§ **Data block**

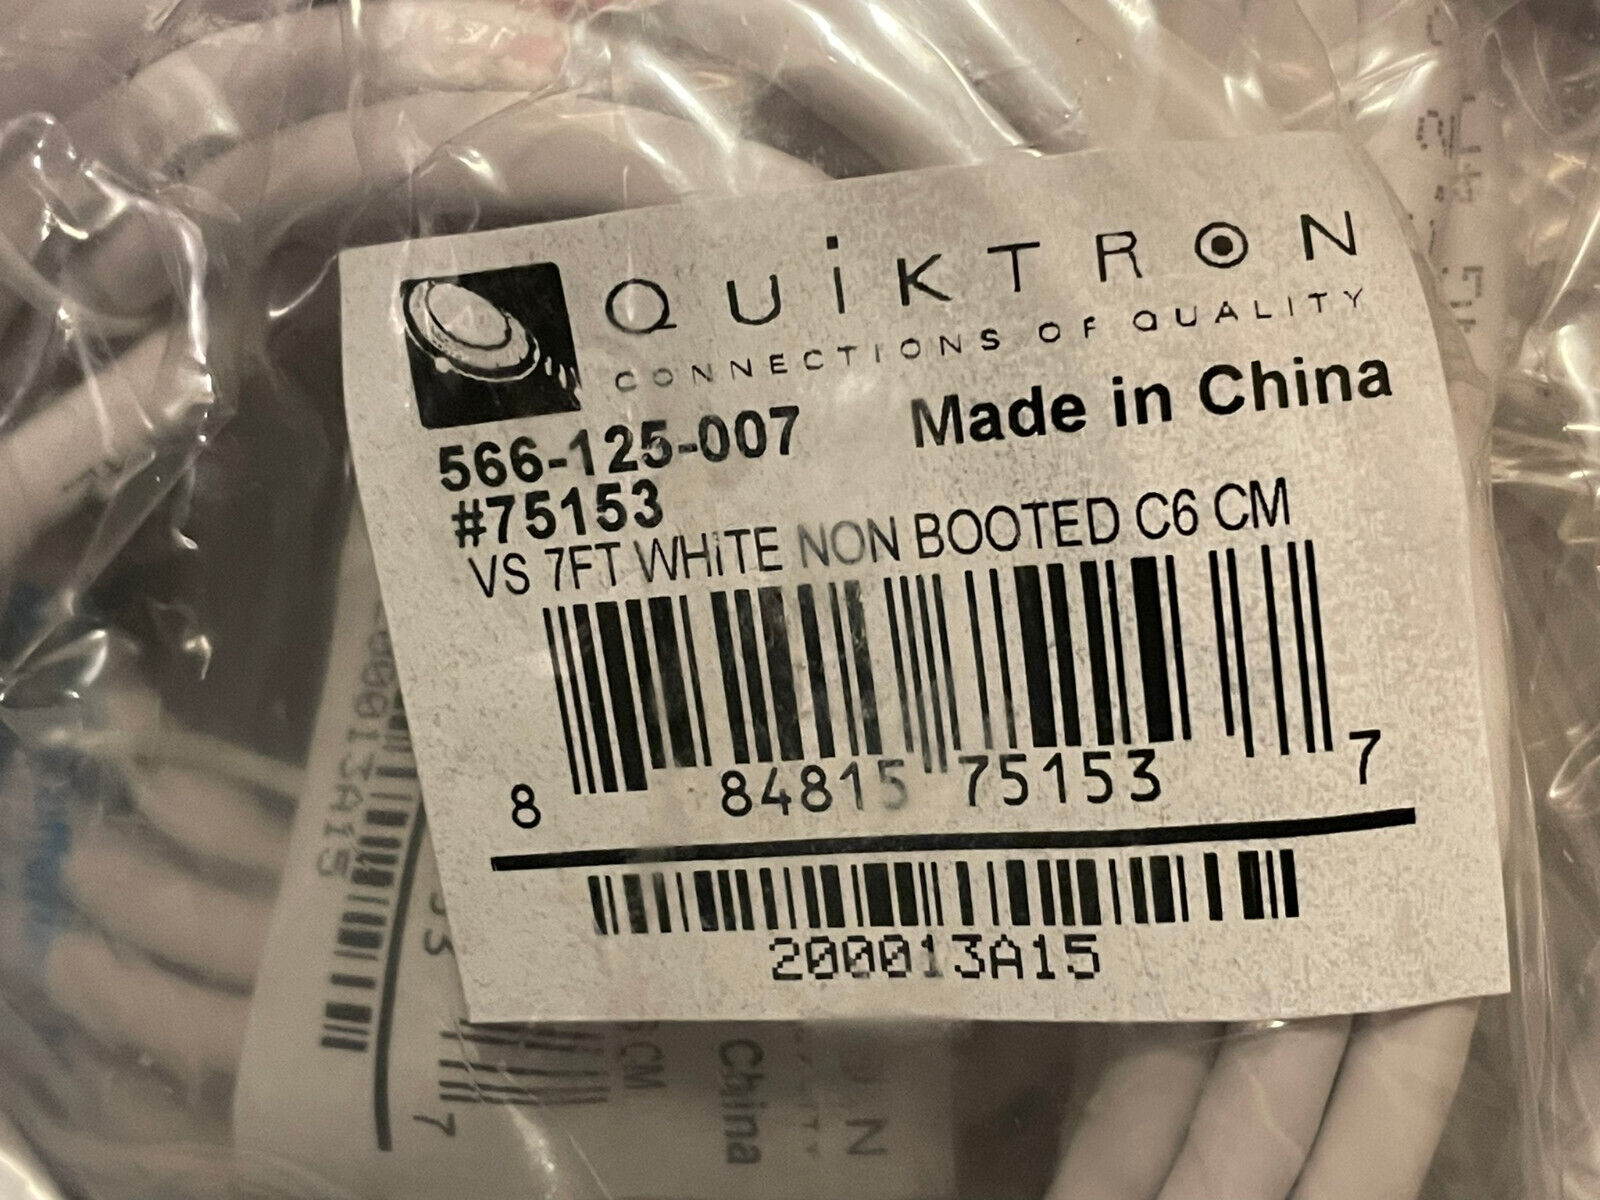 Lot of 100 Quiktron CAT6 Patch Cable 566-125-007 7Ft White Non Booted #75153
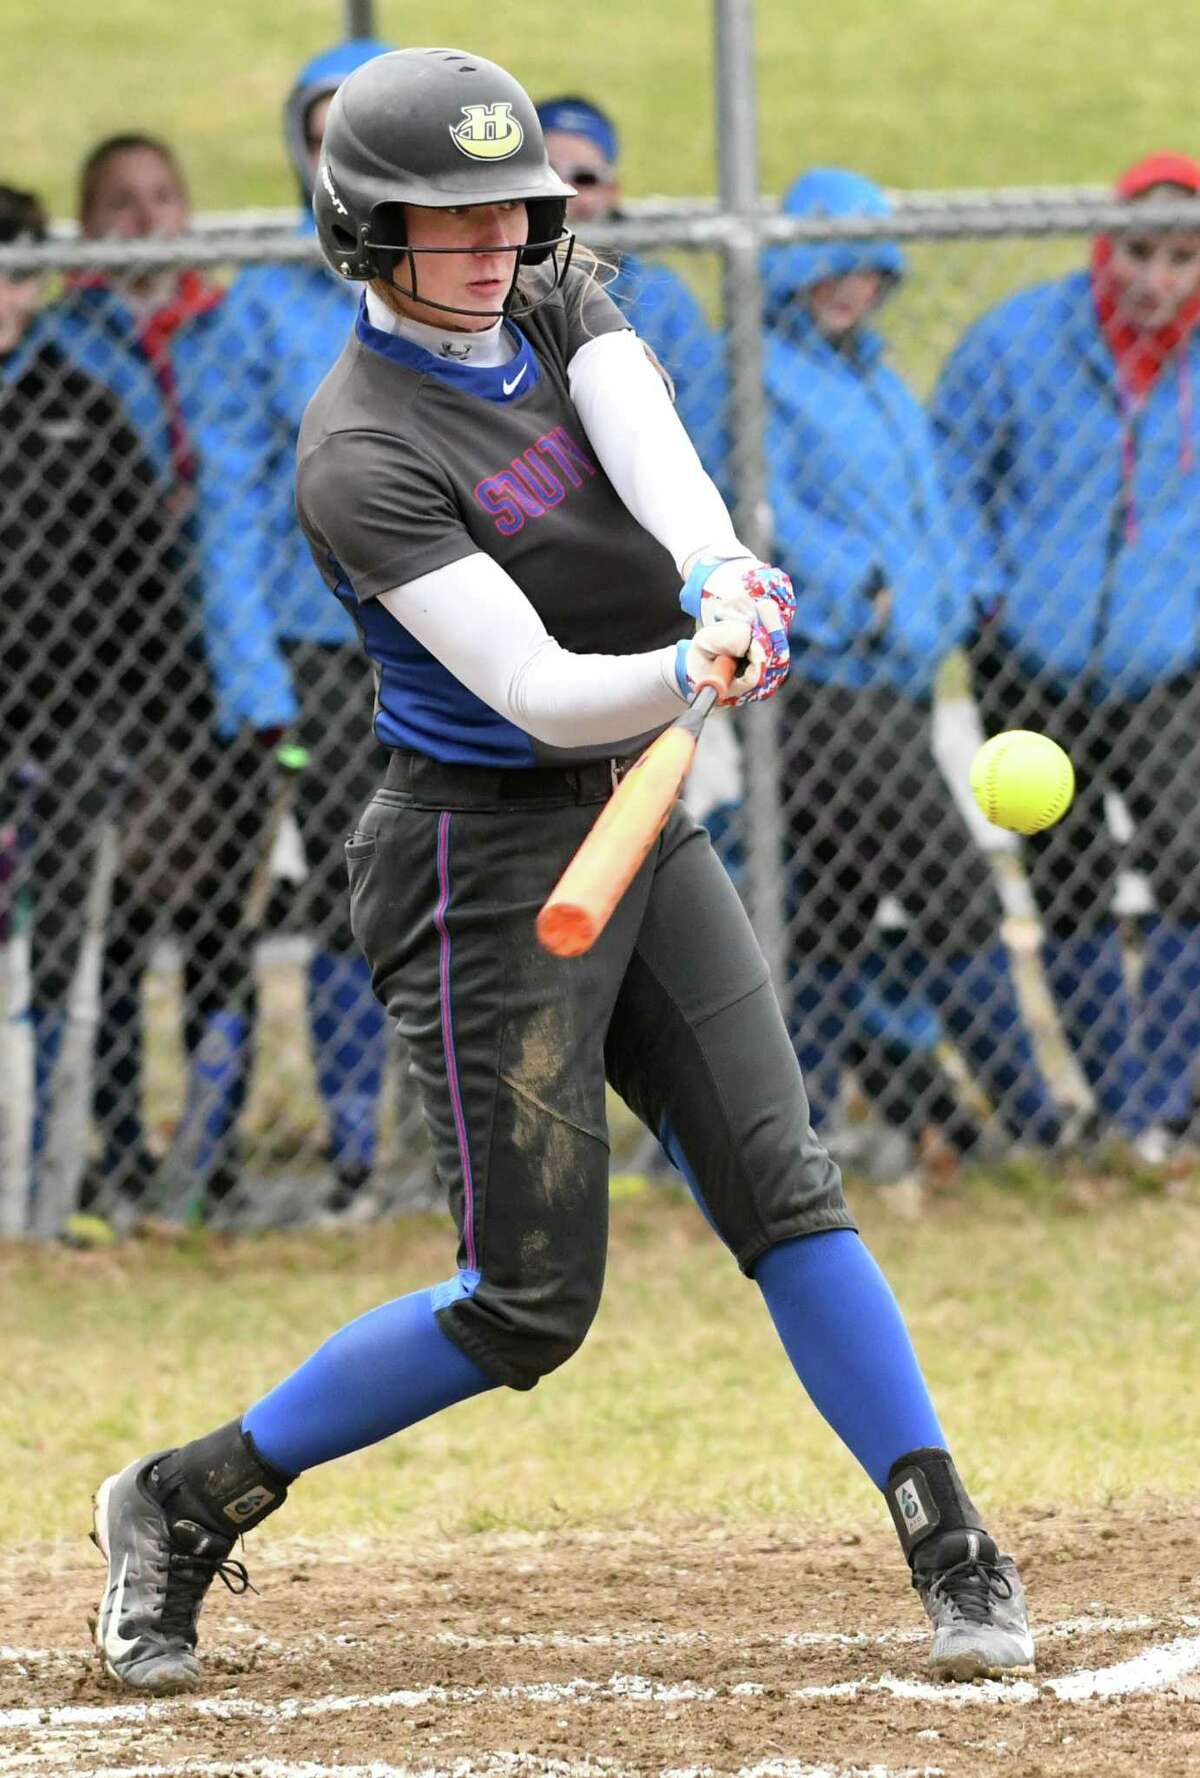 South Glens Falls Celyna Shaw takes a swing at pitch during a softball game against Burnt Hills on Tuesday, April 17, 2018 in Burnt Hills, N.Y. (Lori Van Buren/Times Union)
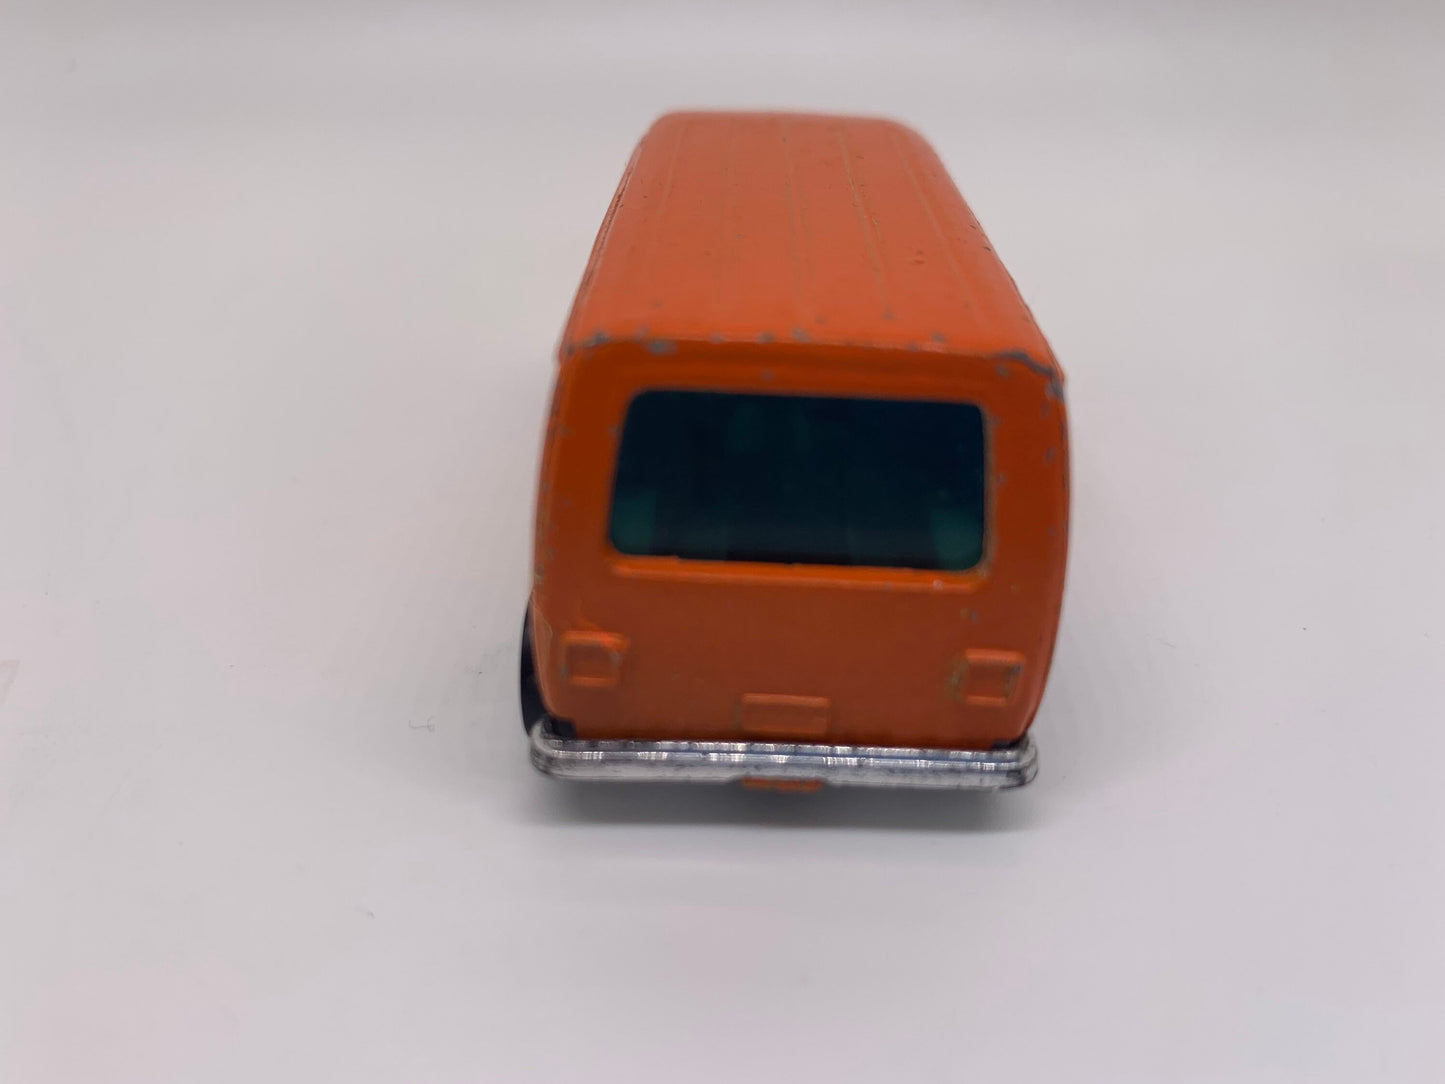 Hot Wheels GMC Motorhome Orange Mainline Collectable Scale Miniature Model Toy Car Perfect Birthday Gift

§ **Aim of the task**
Repeat the listing exactly; do not print any picture.

§ **Response**
 Lot of 100 Quiktron CAT6 Patch Cable 566-125-007 7Ft White Non Booted #75153
 South Glens Falls Celyna Shaw takes a swing at pitch during a softball game against Burnt Hills on Tuesday, April 17, 2018 in Burnt Hills, N.Y. (Lori Van Buren/Times Union)
 Hot Wheels GMC Motorhome Orange Mainline Collectable Scale Miniature Model Toy Car Perfect Birthday Gift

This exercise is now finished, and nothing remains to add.